Intact collagen type X cannot readily be extracted from the growth plate. Both the use of pepsin to release this molecule from tissue and the relative solubility of collagen type X following treatment of chick embryos with beta-aminopropionitrile (Chen et al., 1992) suggest that the insolubility may by brought about by the formation of lysine-derived crosslinks. By immunocytochemical labelling using antibodies specific for collagen type X, we have shown that this collagen type persists in the cartilaginous spicules present in metaphyseal bone and appears to be colocalized with collagen type II. The combined concentration of the reducible bifunctional crosslinks, dihydroxylysinonorleucine and monohydroxylysinonorleucine, in collagen type X isolated from the premineralized and newly mineralized growth plate was about 0.6 residues/ molecule, a level which might explain the relative intractability of collagen type X. Pyridinoline and deoxypyridinoline were present in very small amounts in collagen type X; this suggests that, unlike the situation in other types of collagen, few of the bifunctional crosslinks undergo maturation to pyridinium compounds. Although it is clear that collagen type X contains lysinederived crosslinks, work is in progress to establish which molecule also participates in the formation of these crosslinks.

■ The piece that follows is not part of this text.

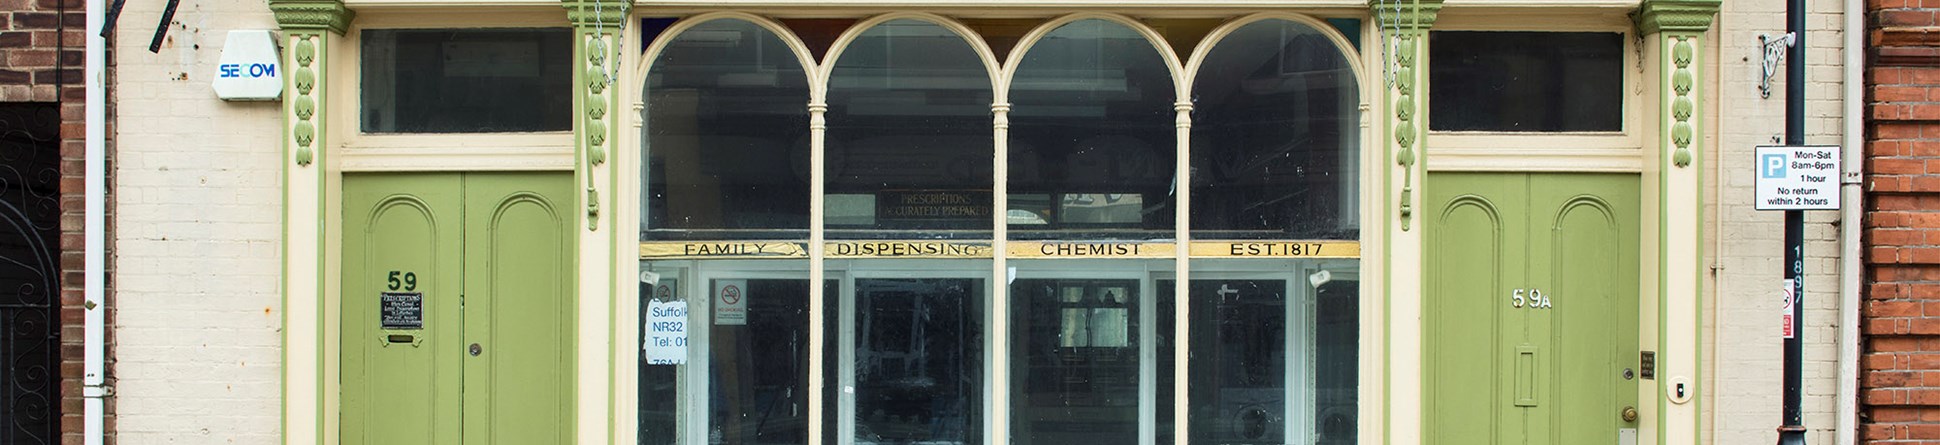 Front of former Chemist Shop, 59 - 59A High Street, Lowestoft, Suffolk

Primary structure of the helical domain of porcine collagen X.

The entire primary structure of the collagen X helical region is presented, including identification of the extensive post-ribosomal modifications by amino acid sequencing and mass spectrometry. As in collagen I, a single residue of 3-hydroxyproline was identified, but for collagen X this was located near the N-terminal end of the helix. Lysine residues in collagen X are extensively hydroxylated/glycosylated: at least 11 sites were localized and shown to be fully glycosylated, exclusively as glucosyl-galactosyl derivatives. The lysine-derived crosslinks, dihydroxylysinonorleucine and hydroxylysinonorleucine, were shown to be present in a 3:2 molar ratio primarily within the C-terminal portion of the helix.